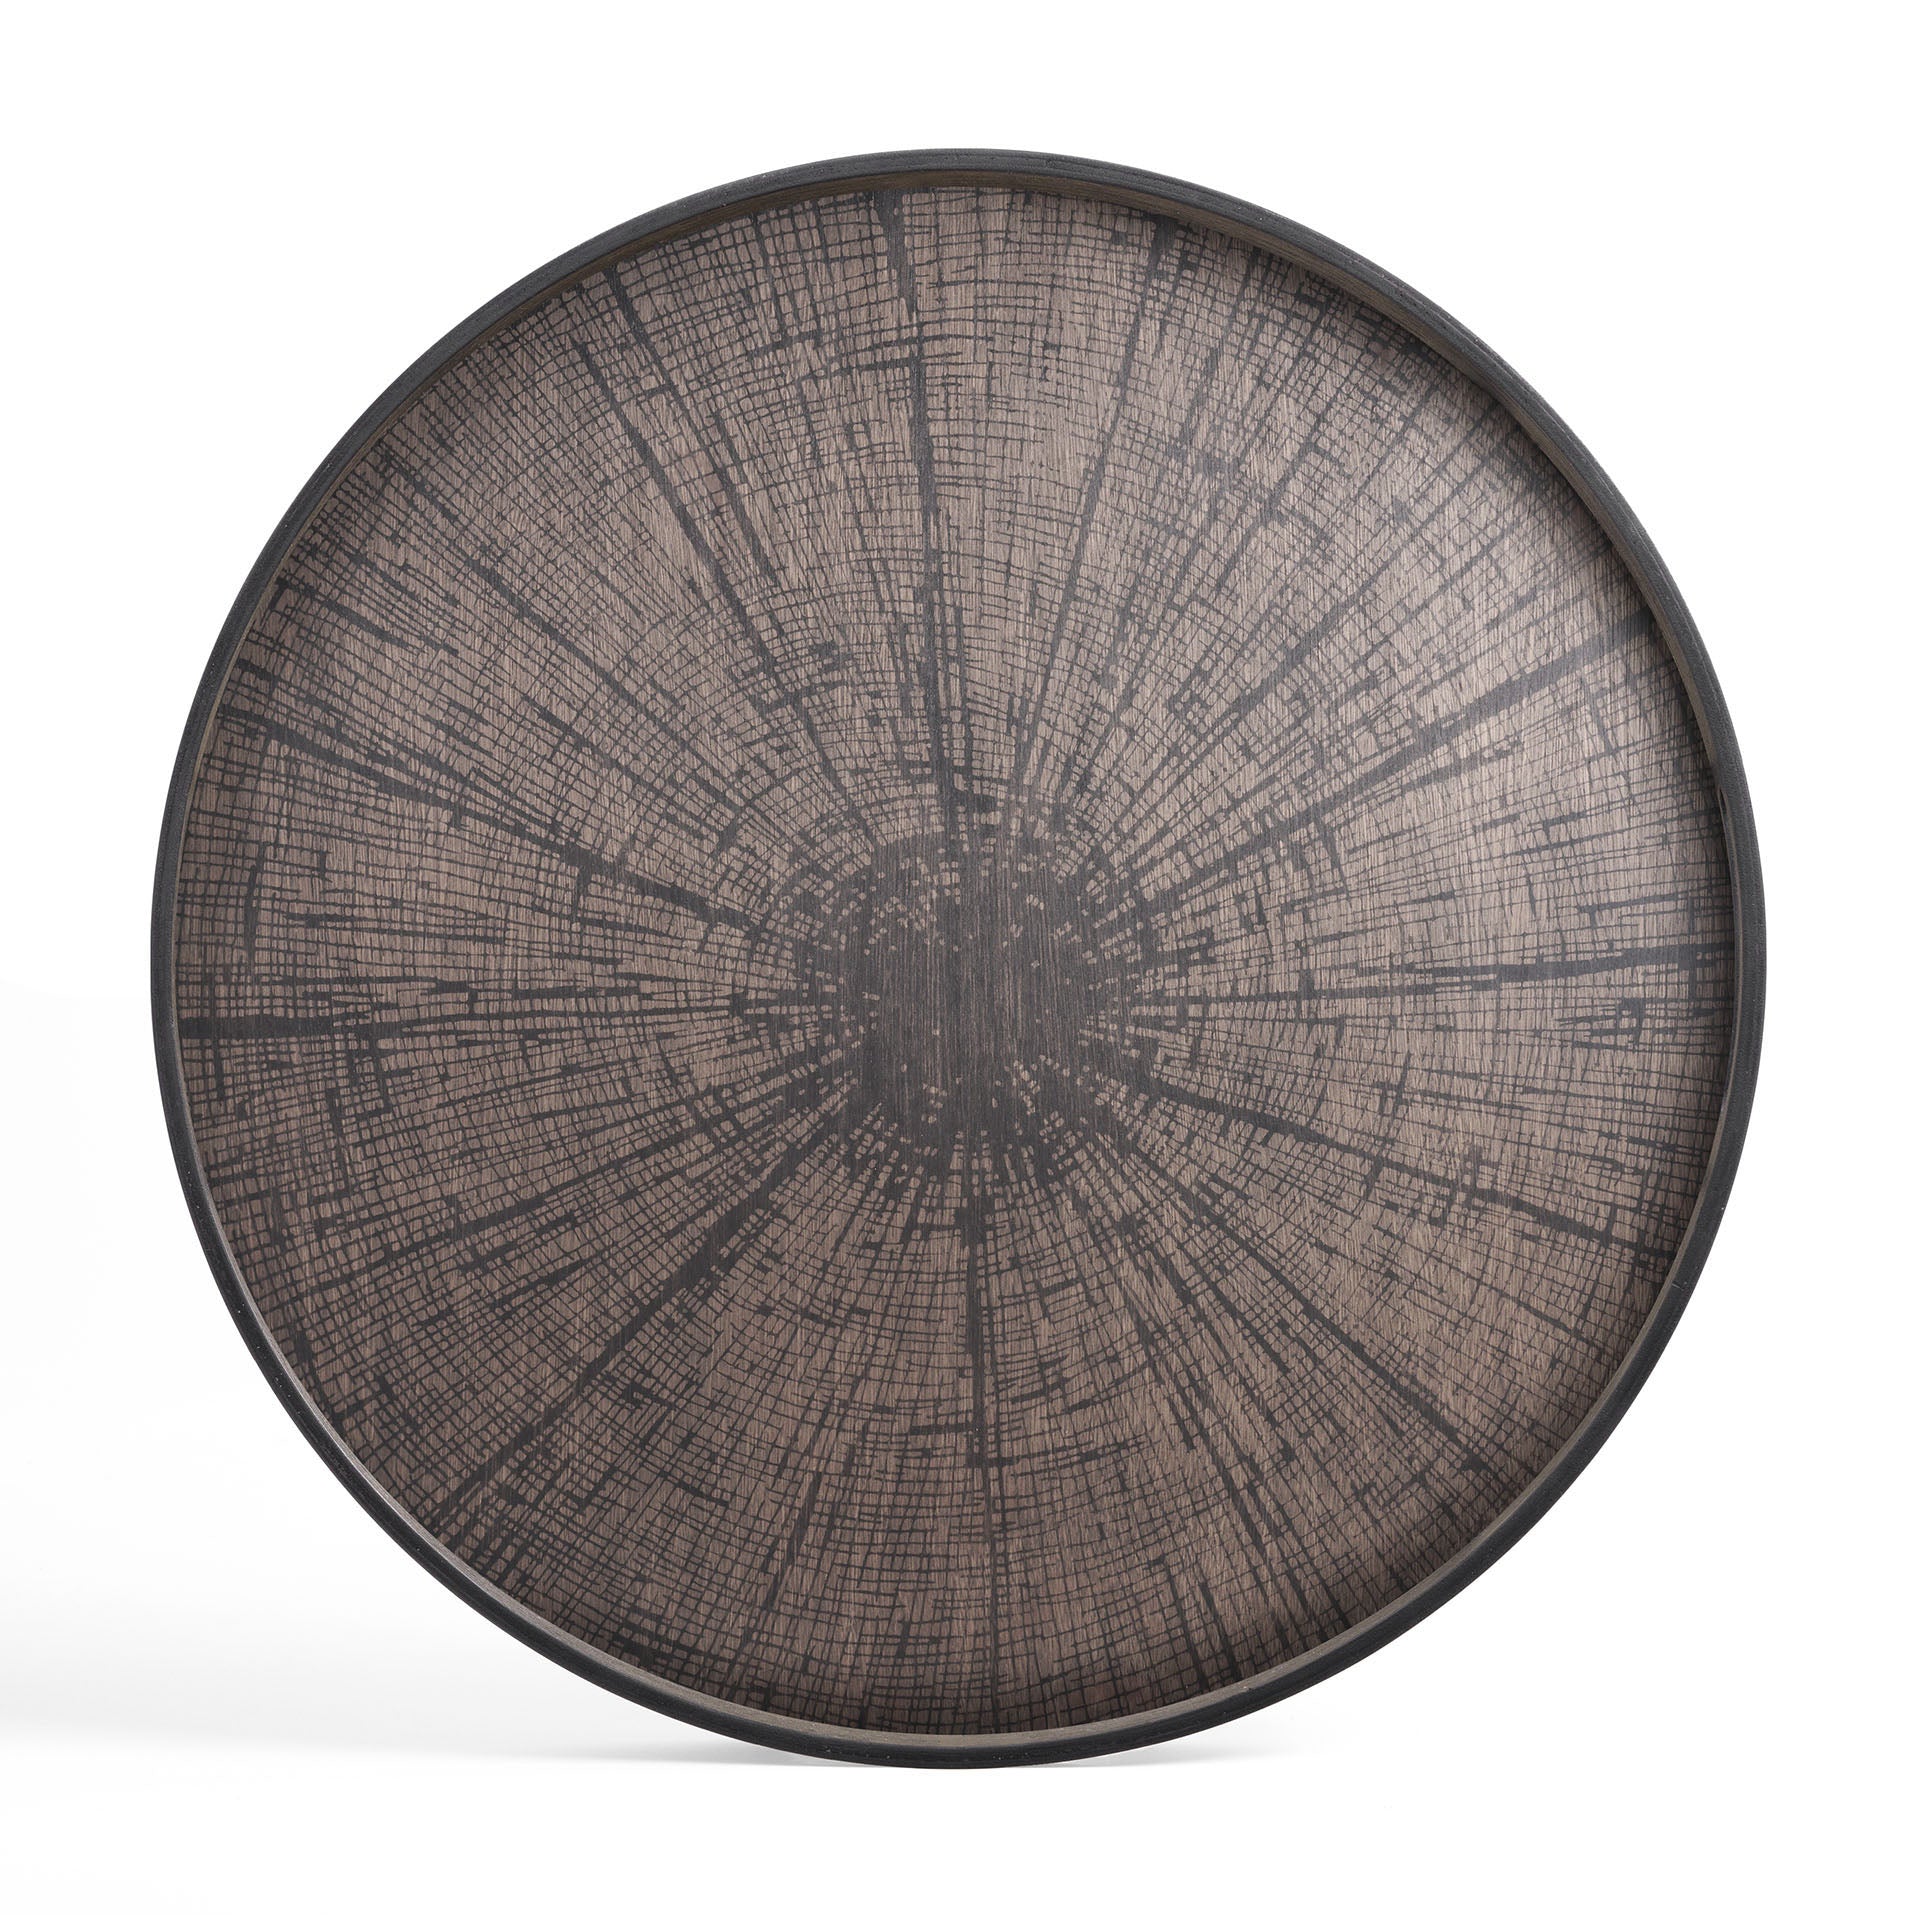 Round Black Slice Varnished Wood Tray, Extra Large
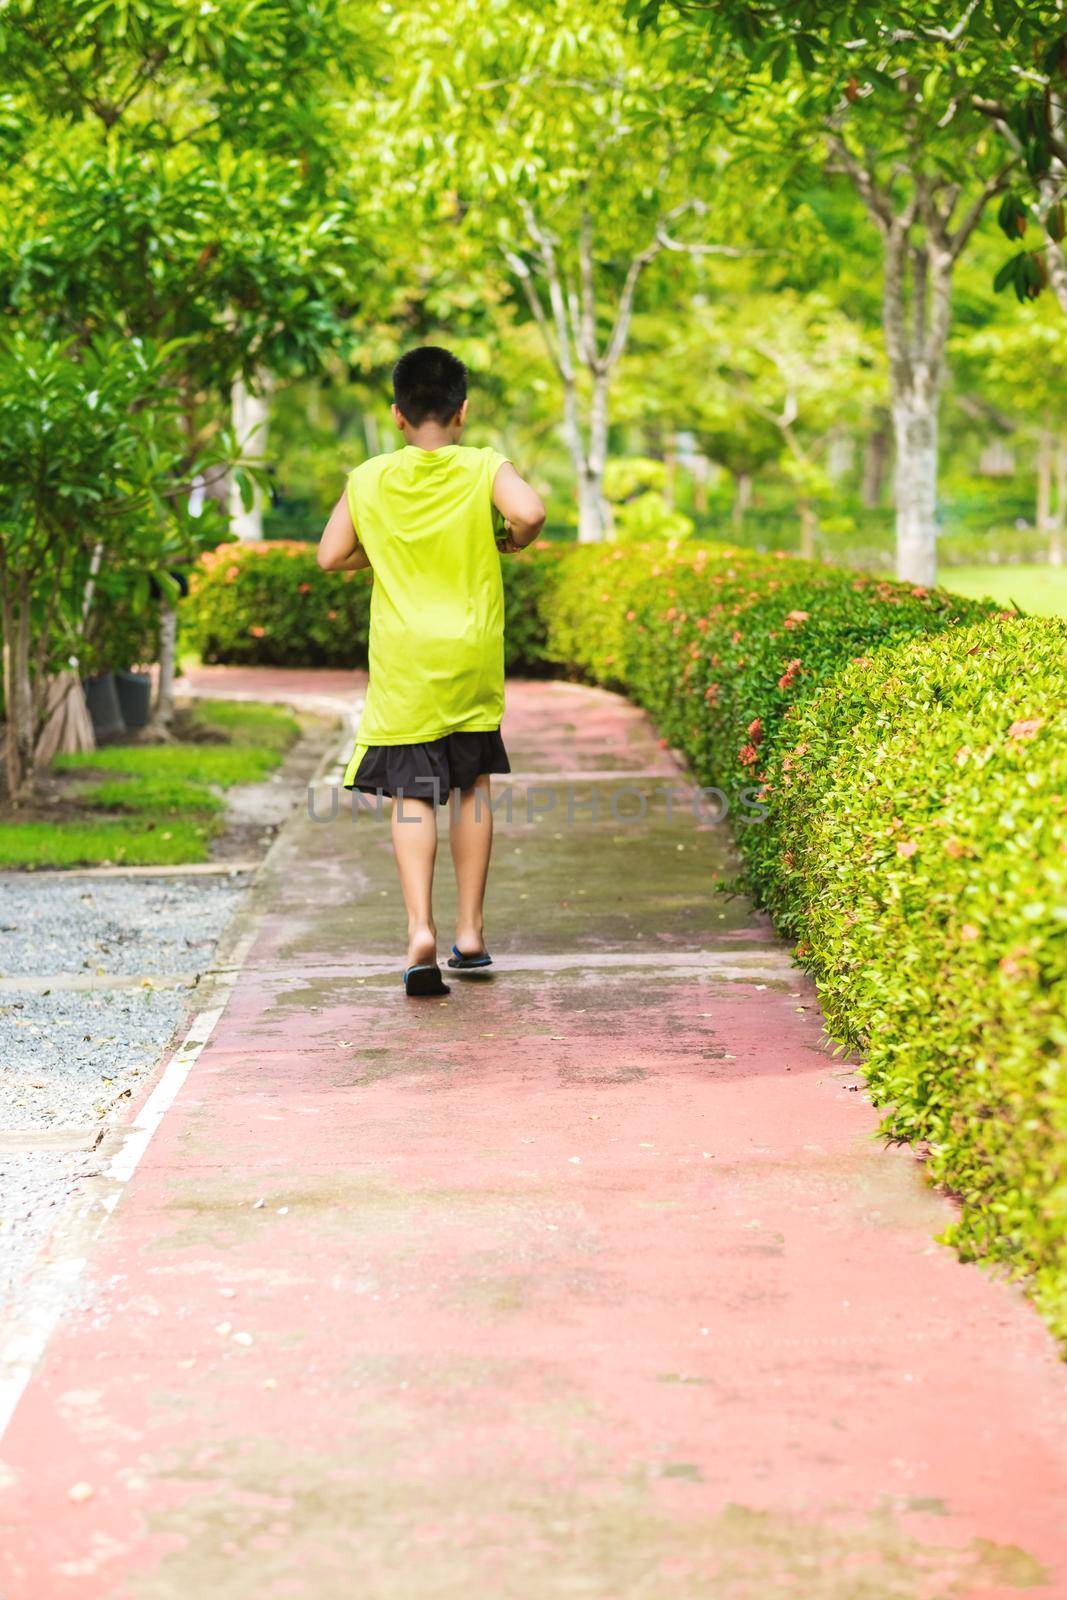 Rare view of young asian boy run in garden
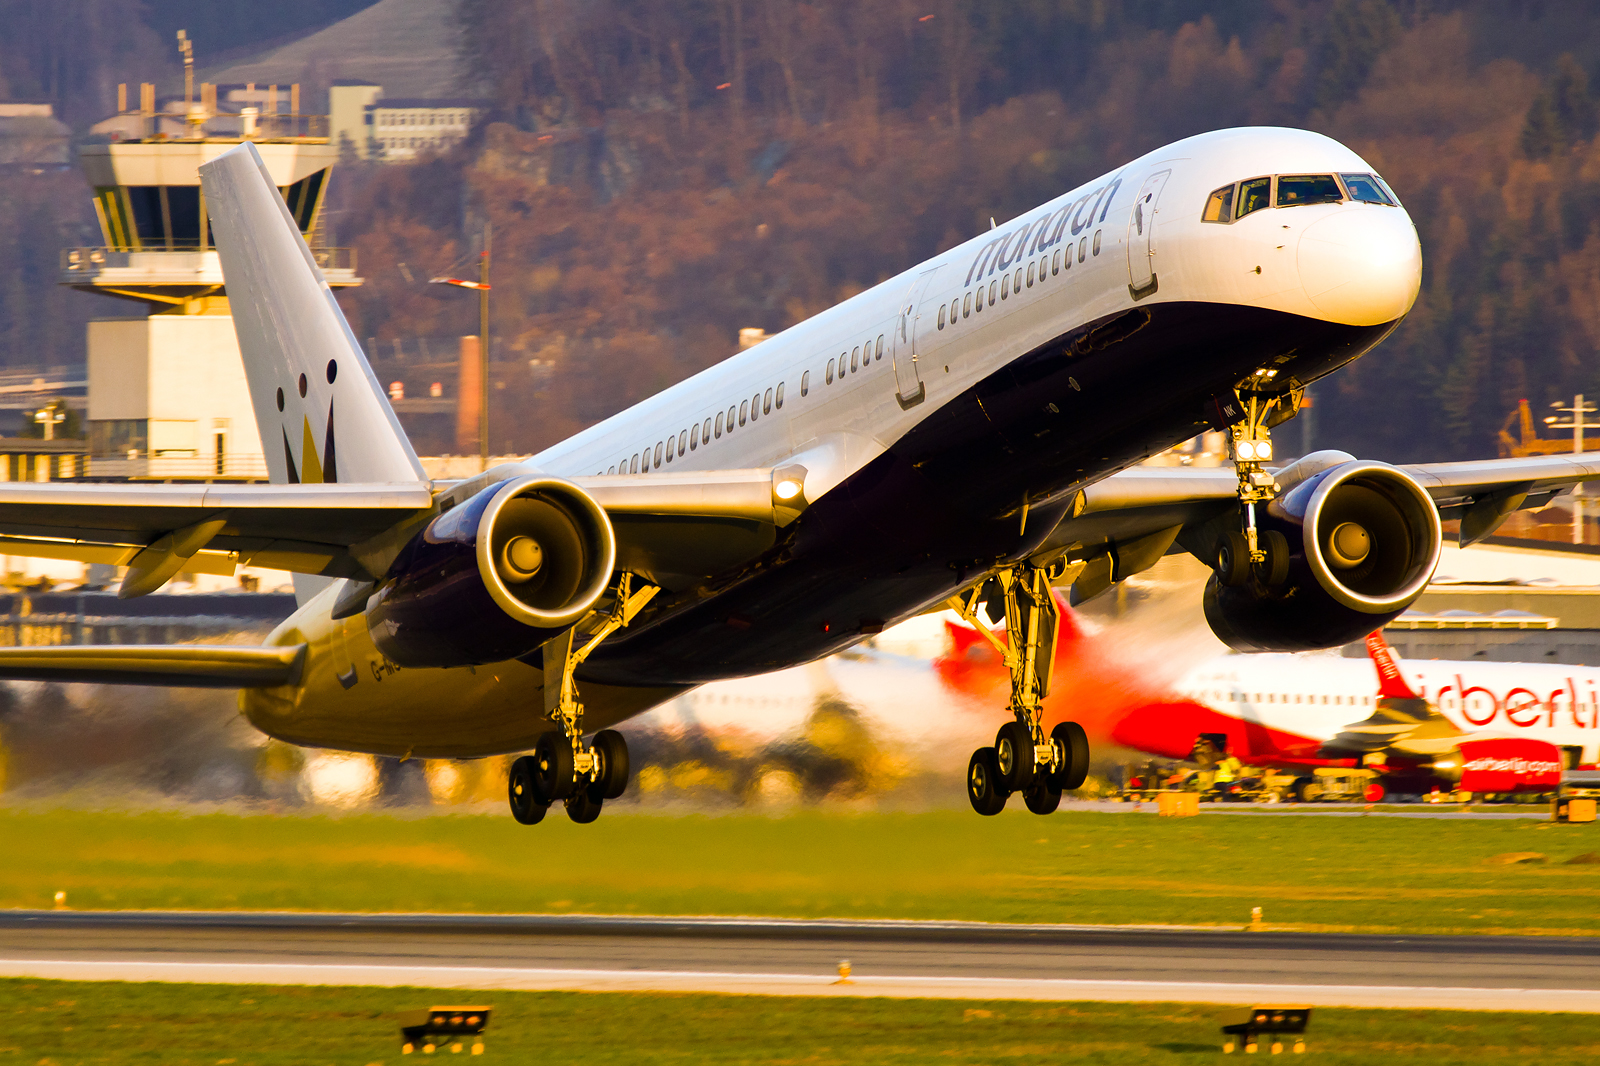 Die Boeing 757 von Monarch beim Start in die Abendsonne. Die 757 ist das derzeit größte Flugzeug in Innsbruck

■ Task details ■
Output the material word for word, and keep the pictures out.

■ Exercise response ■
 Round Black Slice Varnished Wood Tray, Extra Large
 Rare view of young asian boy run in garden
 Die Boeing 757 von Monarch beim Start in die Abendsonne. Die 757 ist das derzeit größte Flugzeug in Innsbruck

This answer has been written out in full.